Under the terms of the merger agreement, Callaway will issue approximately 90 million shares of its common stock to the shareholders of Topgolf, excluding Callaway’s 14 percent stake. Upon completion of the merger, Callaway shareholders will own approximately 51.5 percent and Topgolf shareholders (excluding Callaway) will own approximately 48.5 percent of the combined company. Topgolf’s other investors include Providence Equity Partners, Fidelity Research and Management and Thomas Dundon, chairman of Dundon Capital Partners.

The number of shares issued is based upon an implied equity value of Topgolf of $1.986 billion (including Callaway’s ownership position). The number of shares issued is also based upon a fixed price of Callaway common stock of $19.40 per share. Callaway will assume Topgolf’s net debt, which is estimated to be $555 million at closing, resulting in an estimated enterprise value for Topgolf of approximately $2.5 billion.

Topgolf CEO Dolf Berle will help guide the combined company through a transition period before stepping down to pursue other opportunities. The merger is expected to close in early 2021 and remains subject to shareholder and regulatory approval.

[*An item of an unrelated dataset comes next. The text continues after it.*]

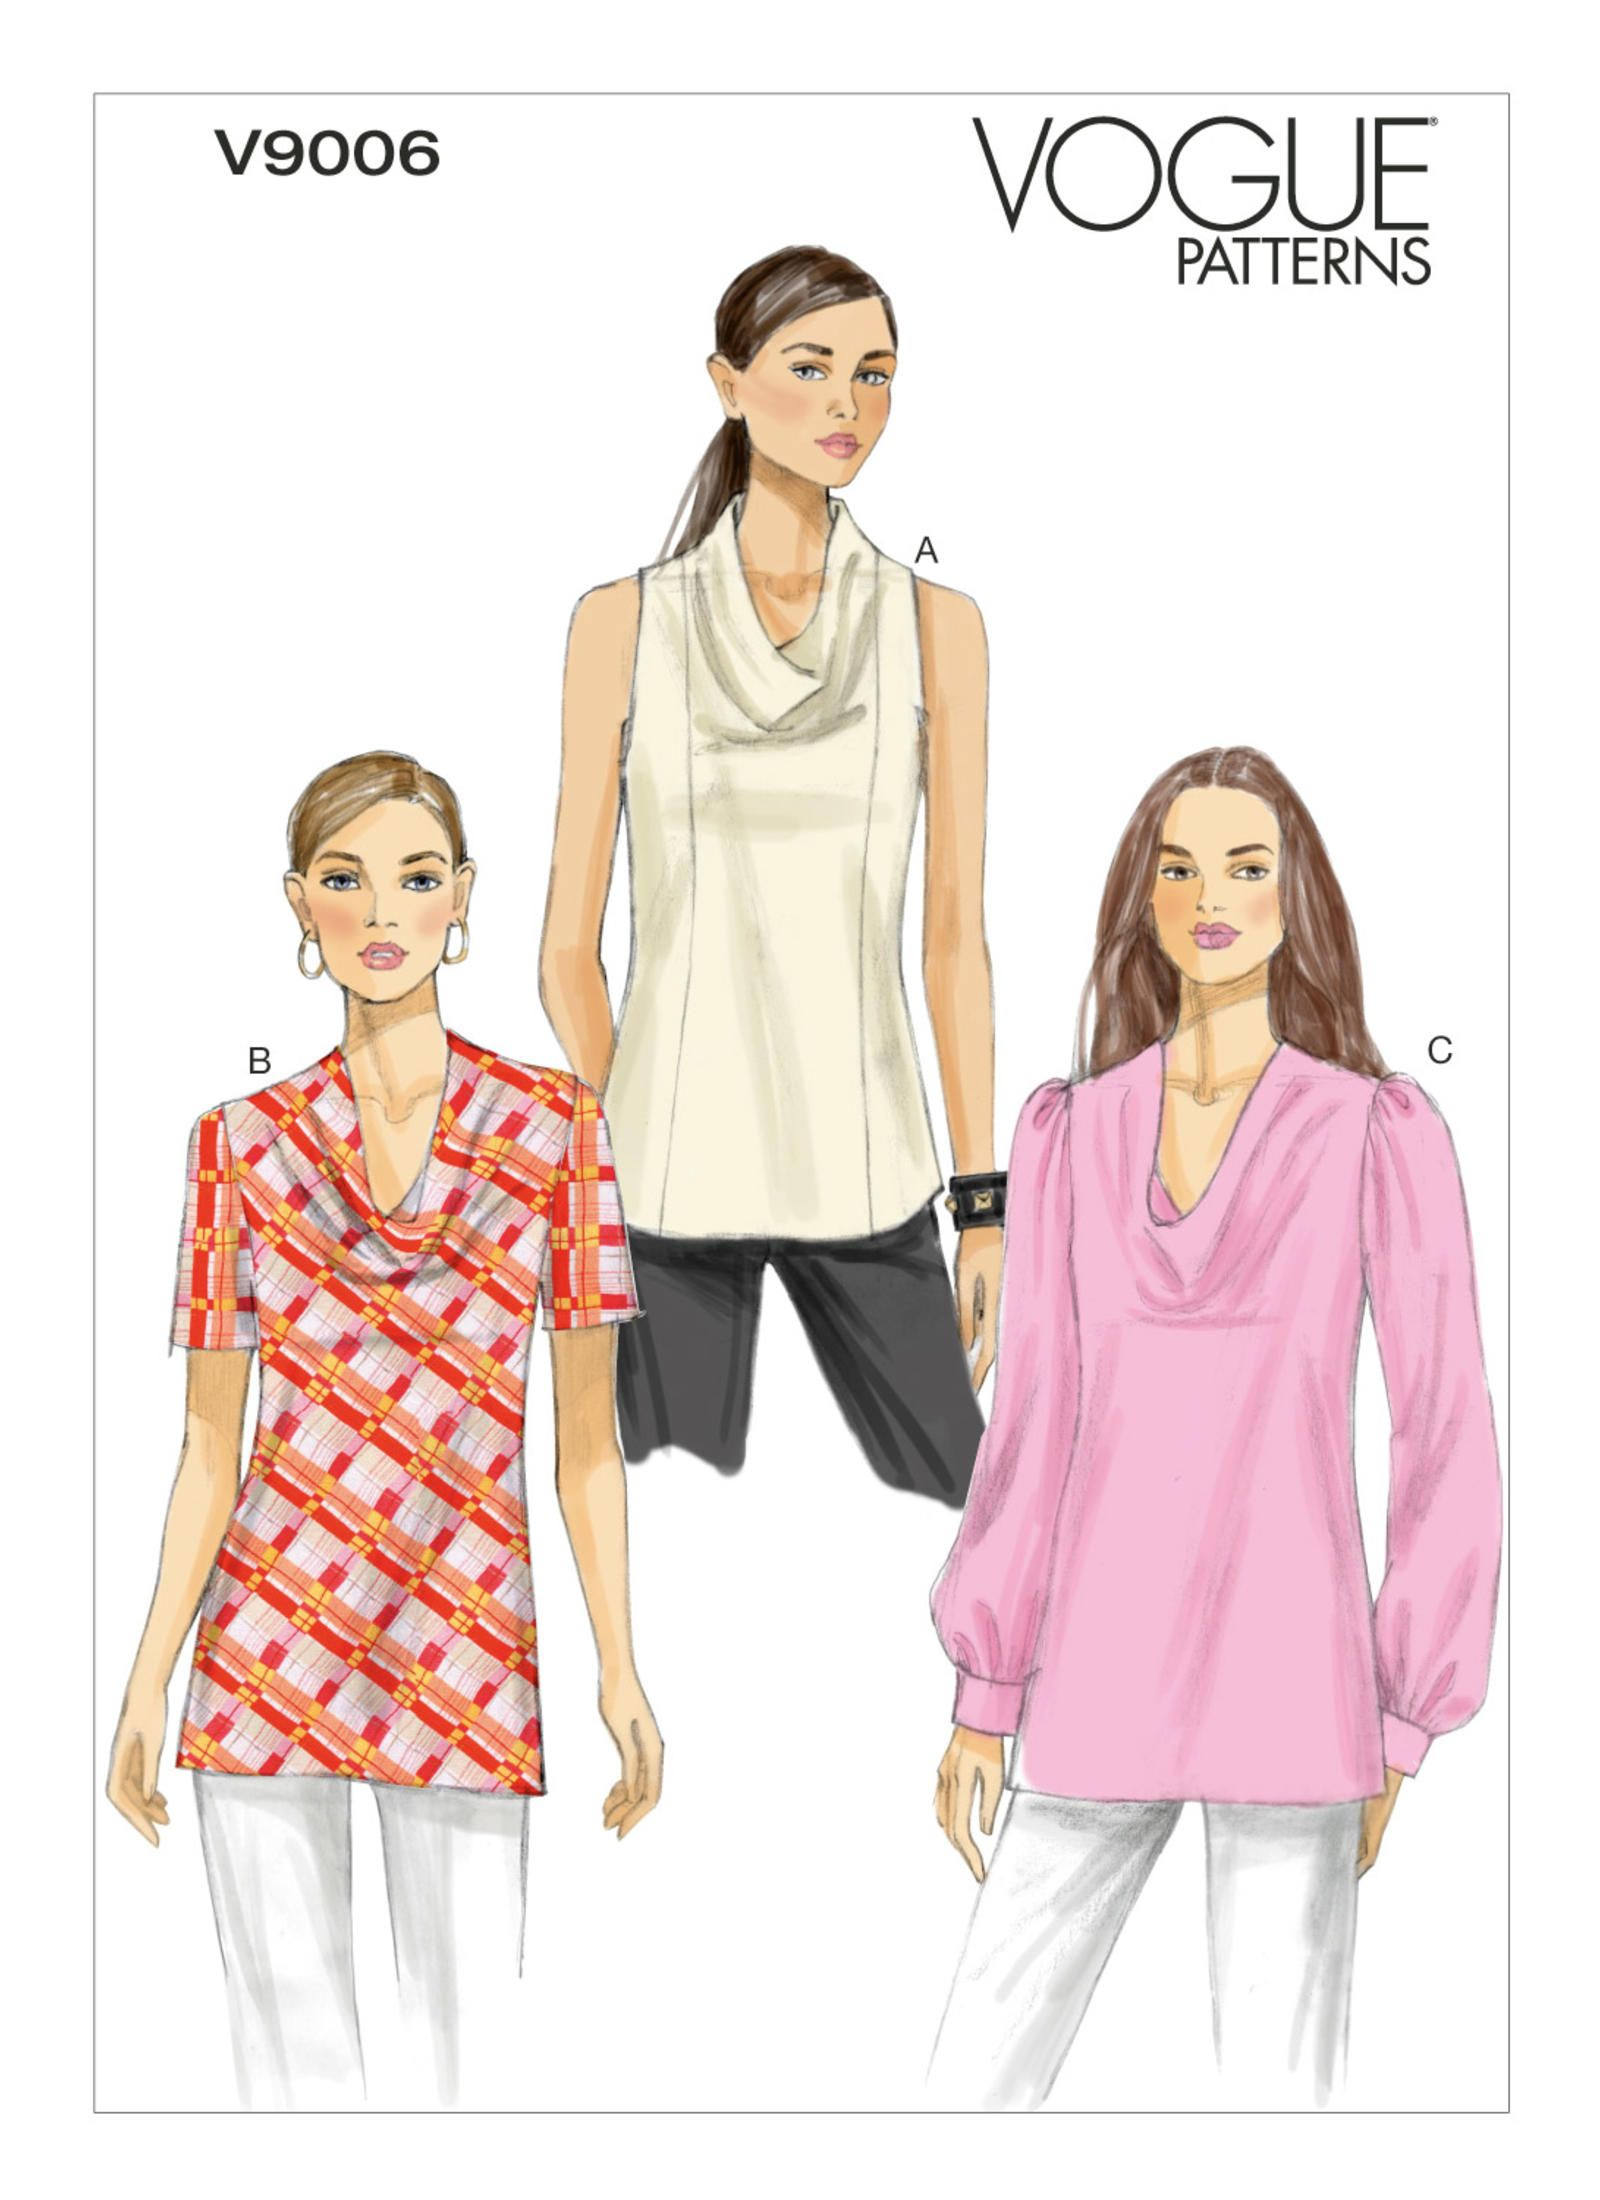 V12   Vogue patterns, Vogue dress patterns, Vogue sewing patterns
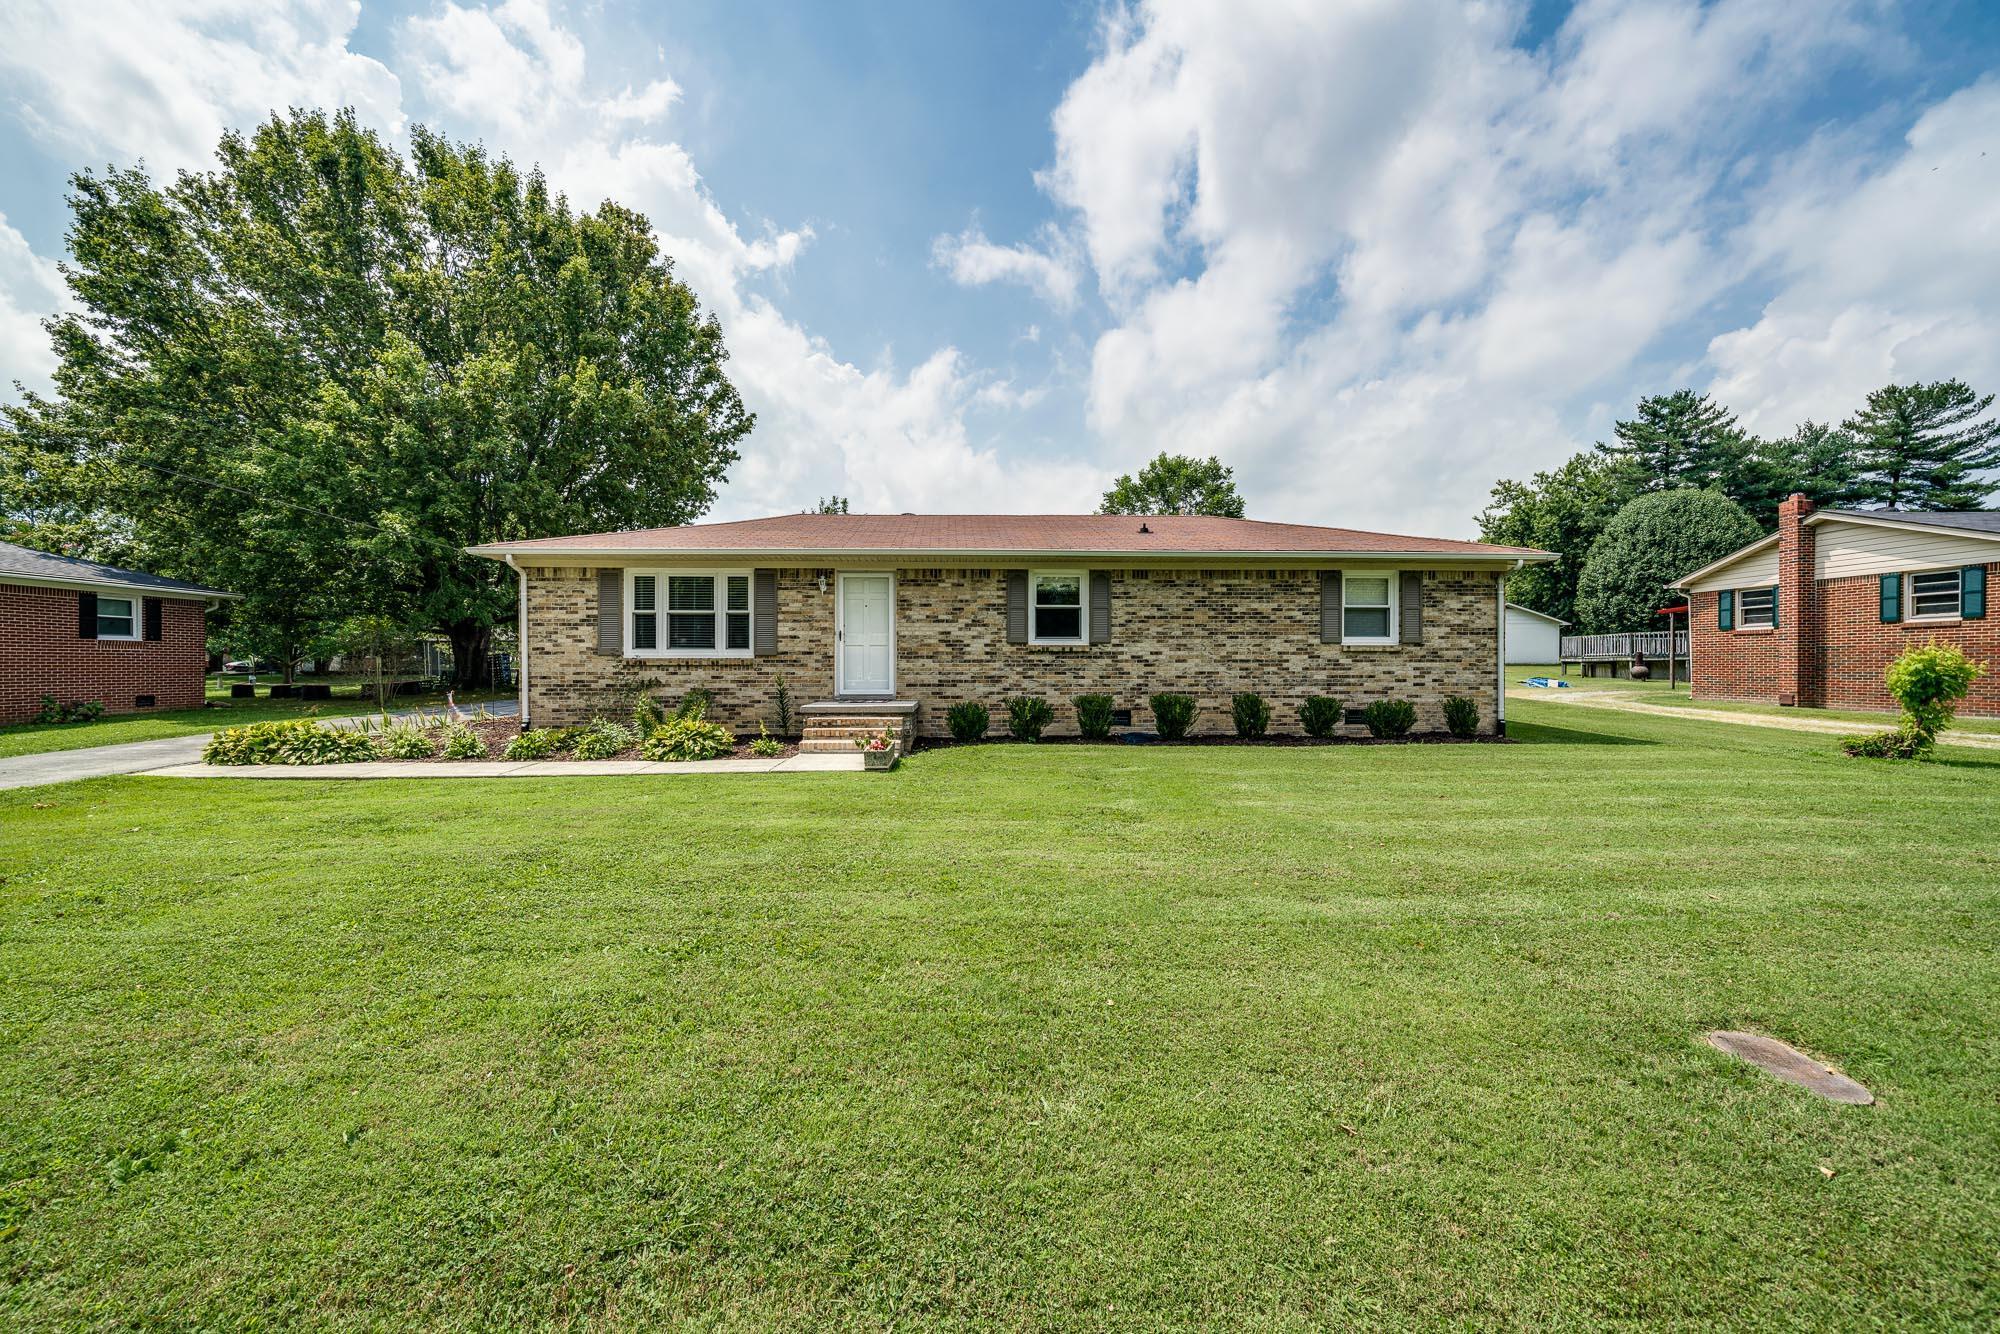 843 Anthony Ave, Smithville, TN 37166 - Smithville, TN real estate listing

Callaway also announced strong preliminary 3Q results that came in well ahead of Street expectations. Revenues are expected to climb 12 percent to $476 million, ahead of the consensus target of $446 million. Non-GAAP EPS is expected to jump 67 percent to 60 cents a share versus Wall Street’s average target of 28 cents. Adjusted EBITDA is expected to grow 67 percent to $87 million.

Brewer said, “Both our golf equipment and soft goods businesses are recovering more quickly than we expected, and our third quarter projections reflect this momentum. Our recent investments into our e-commerce capabilities have proven particularly valuable, showing strong growth across all of our business segments this year including 108 percent growth in e-commerce for our soft goods segment in Q3.”

Wall Street Reacts

Shares of Callaway were down about $4.30, or 22 percent, to $15 in mid-day trading Wednesday.

Brett Andress, at KeyBanc Capital Markets, who has an “Overweight” rating on Callaway at a $22 price target, wrote in a note, ” This deal fundamentally transforms ELY into an unorthodox blend of a mature golf equipment business and high-growth entertainment facility concept; and while we view the ultimate ownership and earnings power of the Topgolf asset favorably, we worry that the LT growth algorithm and underlying complexity of the Topgolf growth story will take time for investors to fully digest, and eventually appreciate.”

Joseph Altobello, at Raymond James who has an “Outperform” rating on Callaway at a $22 price target, wrote in a note, “It has become clear that the sport of golf has been largely insulated from COVID-19 headwinds given the ability of players to easily maintain social distancing, as evidenced by strong rounds-played data in the United States over the past several months and robust industry-wide equipment expenditures. Further, while we see the strategic rationale for the Topgolf merger, it comes at a hefty price tag in our view, though we admittedly need to get up to speed on the nuances of the business in the coming days and weeks.”

Susan Anderson, at B. Riley Securities, who has a “Buy” rating at a $24 price target, wrote in a note, ” We continue to believe that ELY will benefit from the uptick in golf interest and their merger with TopGolf will now allow ELY to access a larger base of potential golfers and at an early stage in their interest. We anticipate ELY to roll out their clubs and apparel at these locations to further help drive their revenue growth.”

Michael Swartz, an analyst at Truist, who carries a “Buy” rating at a $23 price target, wrote, “While understanding potential investor skepticism around ELY’s $2.5B merger with Topgolf (valuation, N-T dilution), we view the transaction as an opportunistic move to acquire a valuable/scarce asset that should meaningfully alter ELY’s L-T growth/ margin profile and, ultimately, create considerable shareholder value over the coming 3-5 years.”